WELCOME to the International Year of Fruits and Vegetables.
The Food and Agriculture Organisation of the United Nations (FAO) has officially announced 2021 will be the International Year of Fruits and Vegetables 2021 (IYFV) with the idea to improve healthy and sustainable food production through innovation and technology, and to reduce food loss and waste.
FAO director-general, Qu Dongyu, launched the branding at the 74th session the UN General Assembly in December, with a goal of raising awareness about the important role of fruits and vegetables in human nutrition, food security and health.
FAO launched it with an international virtual event.
Mr Dongyu described the initiative as "a unique opportunity to raise global awareness".
He said the COVID-19 pandemic had challenged people to find new ways of fighting hunger and malnutrition and said IYFV would highlight the role of digital technologies in improving nutrition and market opportunities.
"In the current health crisis we are facing around the world, promoting healthy diets to strengthen our immune systems is especially appropriate," Mr Dongyu said.

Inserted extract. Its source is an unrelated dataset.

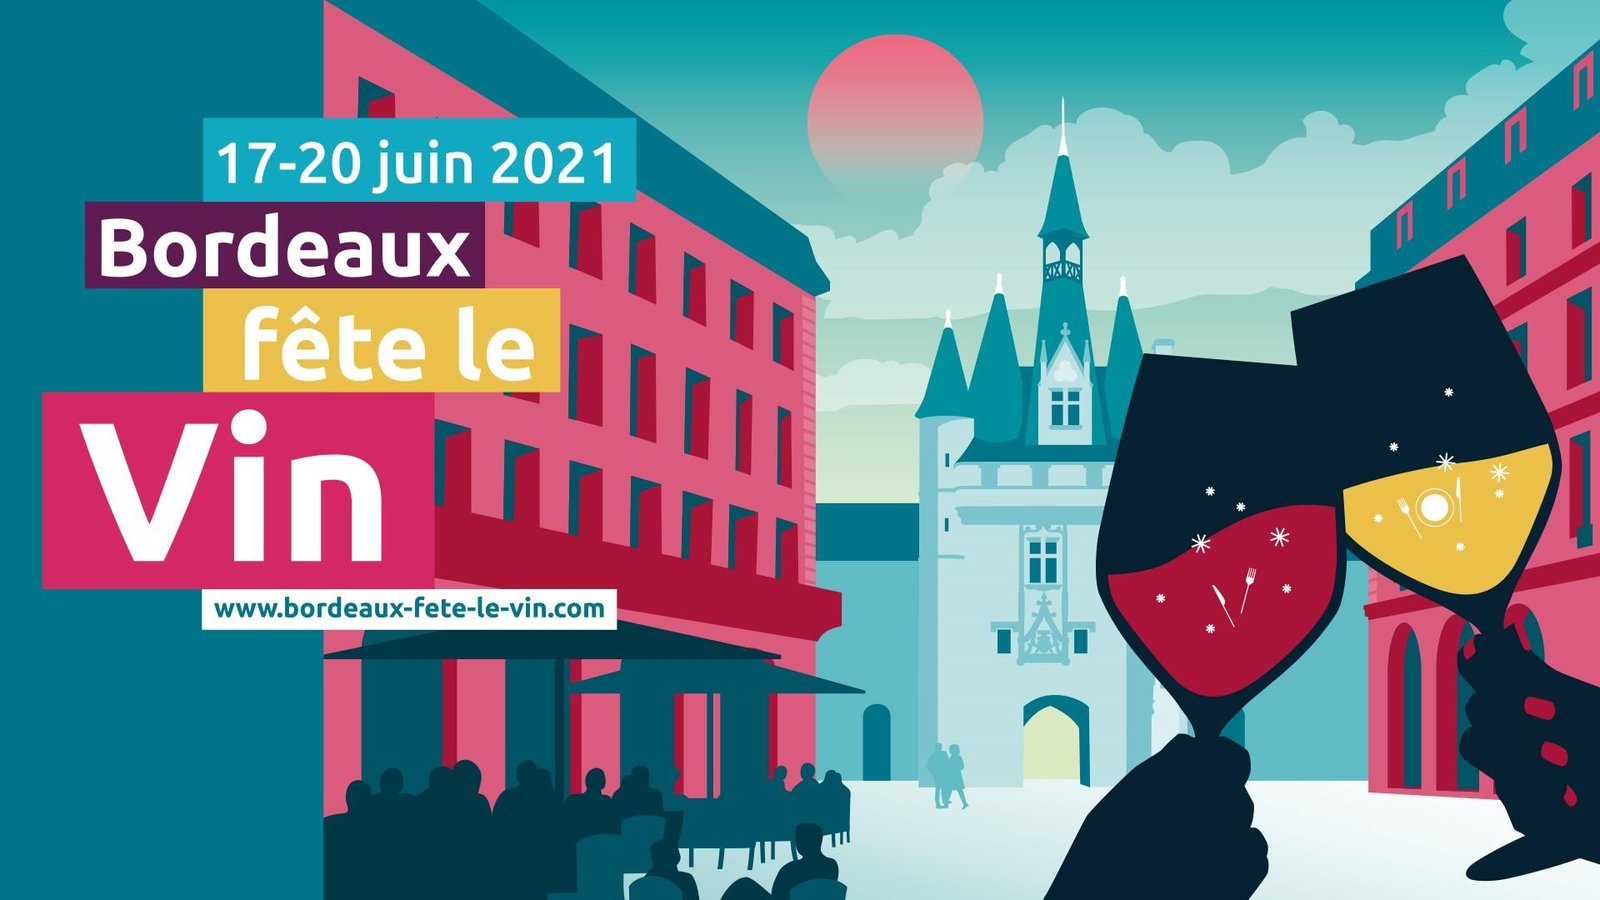 Bordeaux celebrates Wine: the 2021 edition of Bordeaux Wine Festival -  
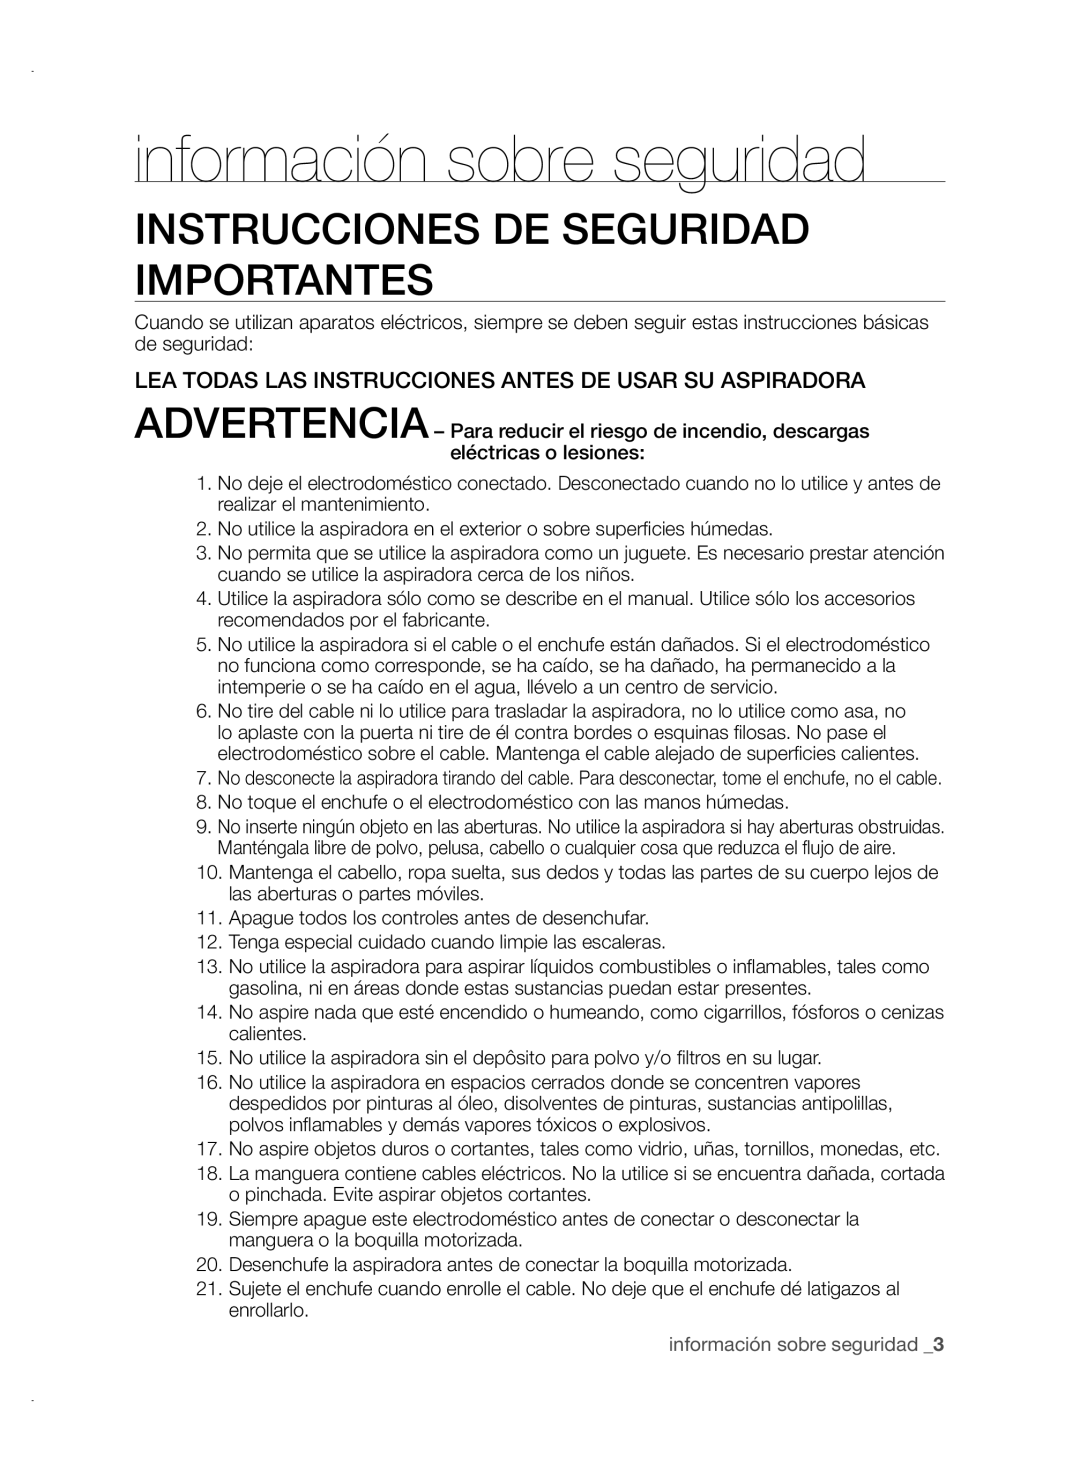 Samsung VCC88P0H1B user manual Instrucciones De Seguridad Importantes, información sobre seguridad

While noting the challenges in improving production and agri-food chains, he encouraged countries to see the International Year as an opportunity to improve infrastructure, farming practices thereby supporting small scale farmers.
He said fruits and vegetables were a good way for farmers to create cash crops.
In his message UN Secretary-General, Antnio Guterres, called for a more "holistic approach" to nutrition and sustainability noting next year's Food Systems Summit would also be an opportunity to consider the fragility of food systems.
FAO and the World Health Organisation recommend each adult consumes at least 400 grams of fruit and vegetables on a daily basis to prevent chronic diseases, such as cancer, diabetes, heart disease and obesity, as well as to counter micronutrient deficiencies.
The FAO Director-General said food loss and waste in the fruits and vegetables sector remains a problem with considerable consequences, and that "innovative technologies and approaches are of critical importance", as "they can help maintaining safety and quality, increasing the shelf life of fresh produce items and preserving their high nutritional value".
Up to 50 per cent of fruits and vegetables produced in developing countries are lost in the supply chain between harvest and consumption.
The International Year of Fruits and Vegetables 2021 falls within the UN Decade of Action on Nutrition (2016-2025) and the UN Decade of Family Farming (UNDFF 2019-2028).